Now, just for fun and because my software can do it, I replace the calls to BLAS with matching modules for CUDNN and CUBLAS function calls (NVIDIA CUDA). Please note that unlike (OpenBLAS and MKL), this is not the same code-path.

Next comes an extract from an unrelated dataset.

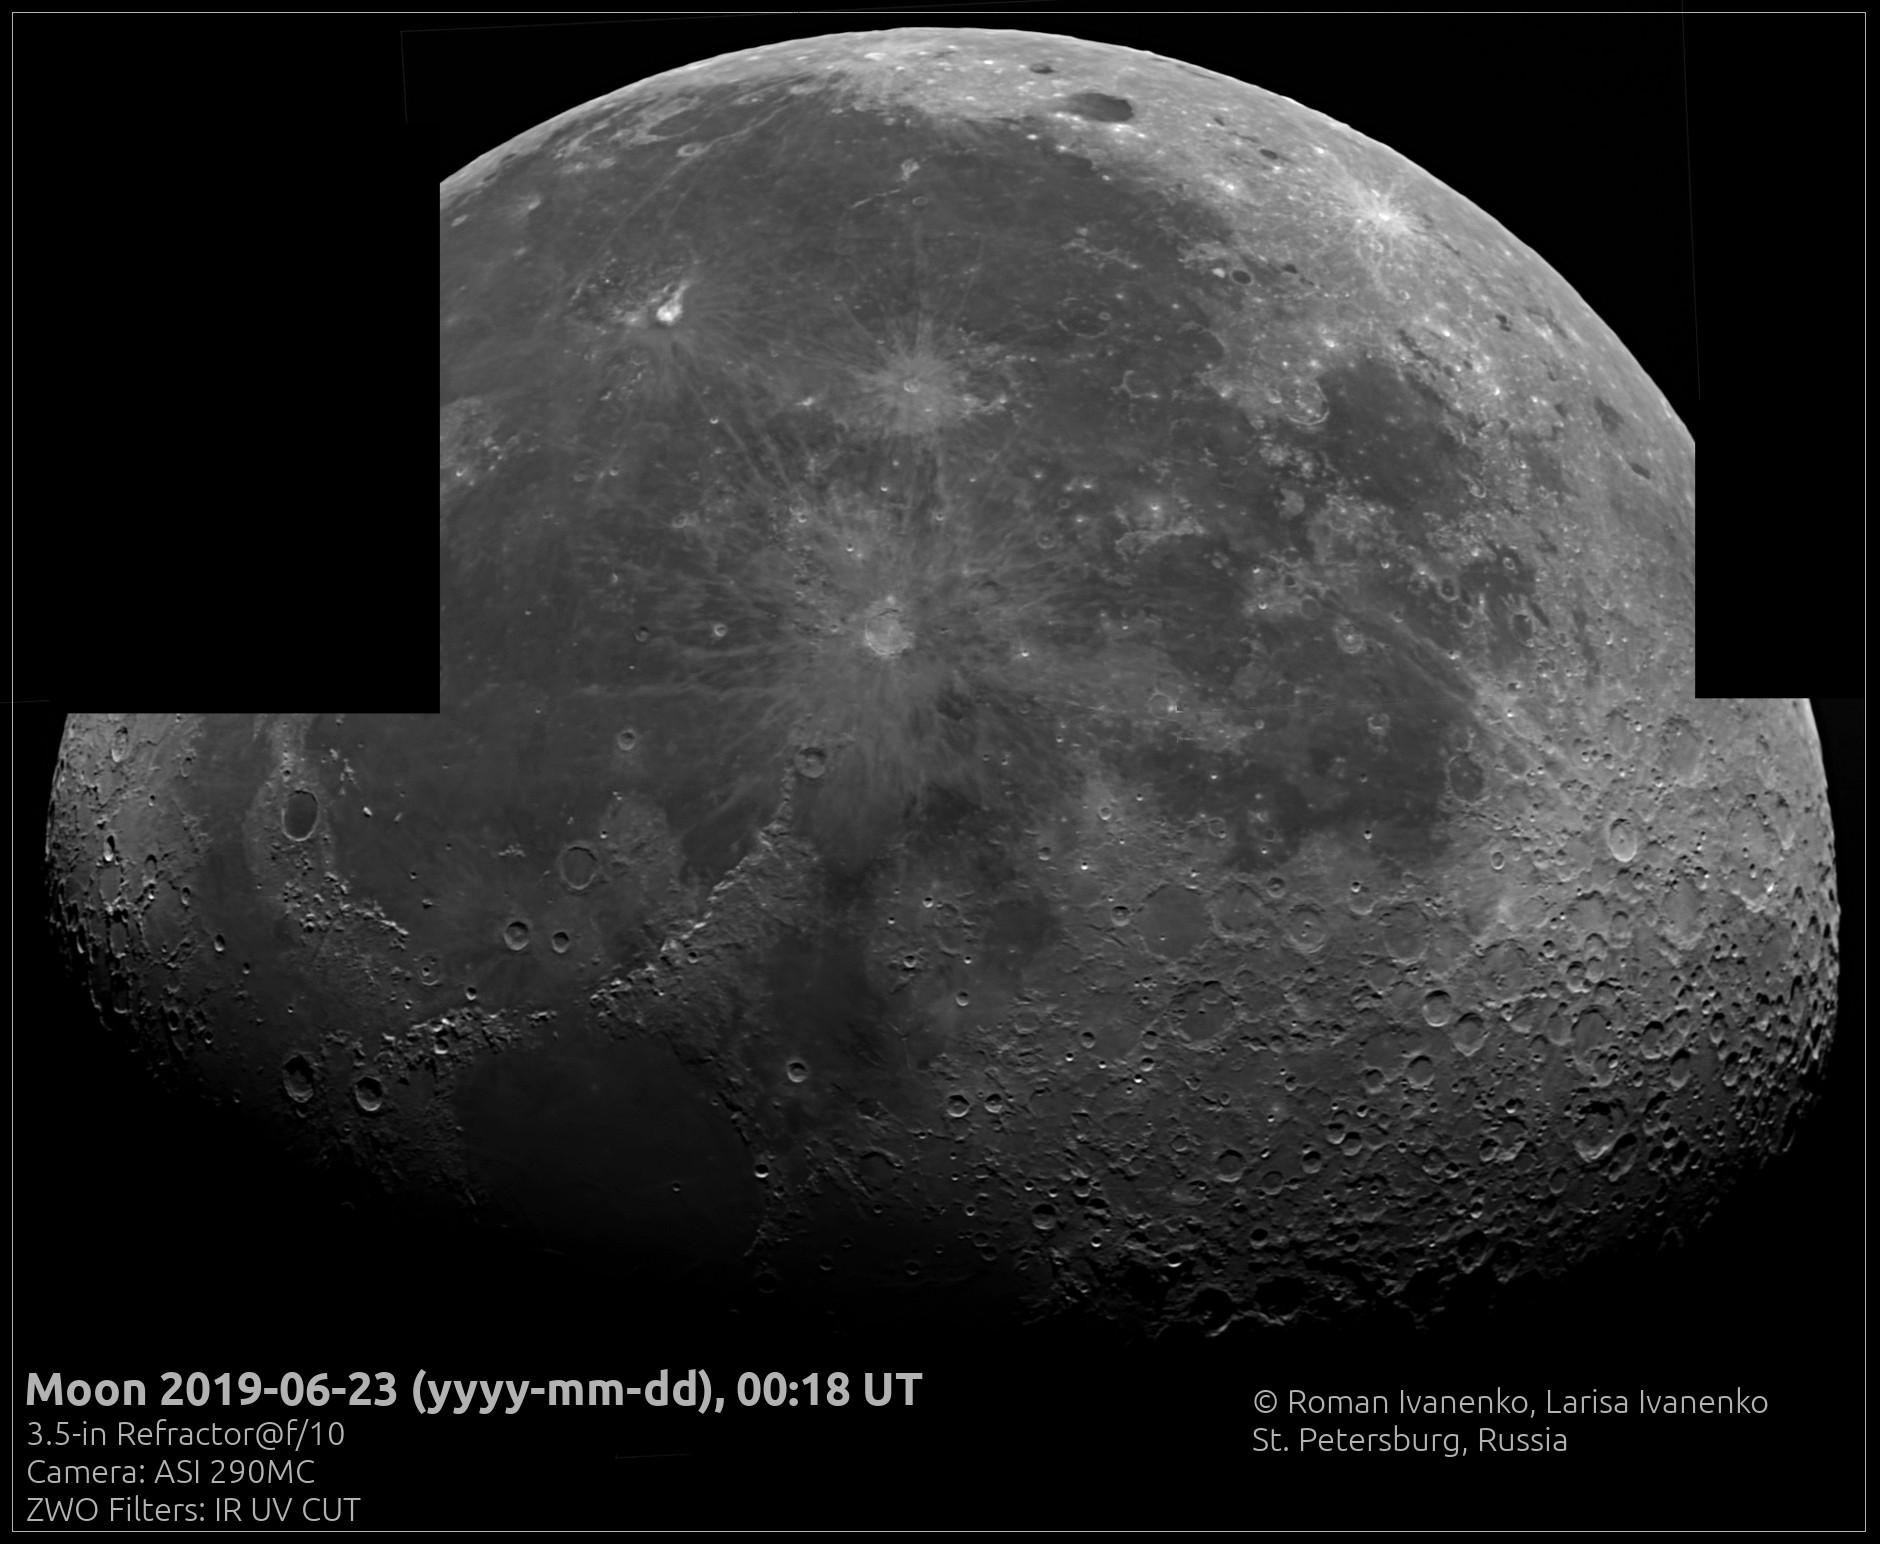 Фото Луны 23 июня 2019 года

Results CUDNN + CUBLAS (multi-threaded)
min-diff: (0,5) -> -3.63798e-11, (0,10) -> -1.45519e-10, (0,15) -> -1.96451e-10, (0,20) -> -4.36557e-11, (0,25) -> -1.39698e-09, (0,30) -> -8.00355e-11, (0,35) -> -3.25963e-09, (0,40) -> -2.32831e-10, (0,45) -> -3.72529e-09, (0,50) -> -2.32831e-10, (0,55) -> 0.00000e+00, (0,60) -> 0.00000e+00, (0,65) -> 0.00000e+00, (0,70) -> 0.00000e+00, (0,75) -> 0.00000e+00, (0,80) -> 0.00000e+00
max-diff: (0,5) -> 2.91038e-11, (0,10) -> 1.40062e-10, (0,15) -> 2.18279e-10, (0,20) -> 4.72937e-11, (0,25) -> 9.31323e-10, (0,30) -> 1.01863e-10, (0,35) -> 2.79397e-09, (0,40) -> 2.32831e-10, (0,45) -> 1.86265e-09, (0,50) -> 2.91038e-10, (0,55) -> 0.00000e+00, (0,60) -> 0.00000e+00, (0,65) -> 0.00000e+00, (0,70) -> 0.00000e+00, (0,75) -> 0.00000e+00, (0,80) -> 0.00000e+00
rel-diff: (0,5) -> 2.06397e-07, (0,10) -> 5.70014e-07, (0,15) -> 2.27241e-07, (0,20) -> 3.68574e-07, (0,25) -> 1.57384e-07, (0,30) -> 2.85175e-07, (0,35) -> 8.01234e-08, (0,40) -> 1.15262e-07, (0,45) -> 1.21201e-08, (0,50) -> 1.45475e-08, (0,55) -> 0.00000e+00, (0,60) -> 0.00000e+00, (0,65) -> 0.00000e+00, (0,70) -> 0.00000e+00, (0,75) -> 0.00000e+00, (0,80) -> 0.00000e+00
As you can see, I get reproducible results for the last layers (right hand side, fully connected nn-layers = large matrix multiplications). For the other layers (left hand side, convolutions nn-layers = many small matrix multiplications) we see small differences (the CUDA manual suggests this is to be expected due to the way they schedule in their underlying multi-threading implementation). Anyway, even with that, the differences have a much smaller magnitude than with MKL on the CPU.
Question:
Considering that I desire reproducibility. How can I configure MKL to produce the same or at least more similar results if it is invoked with the same data several times?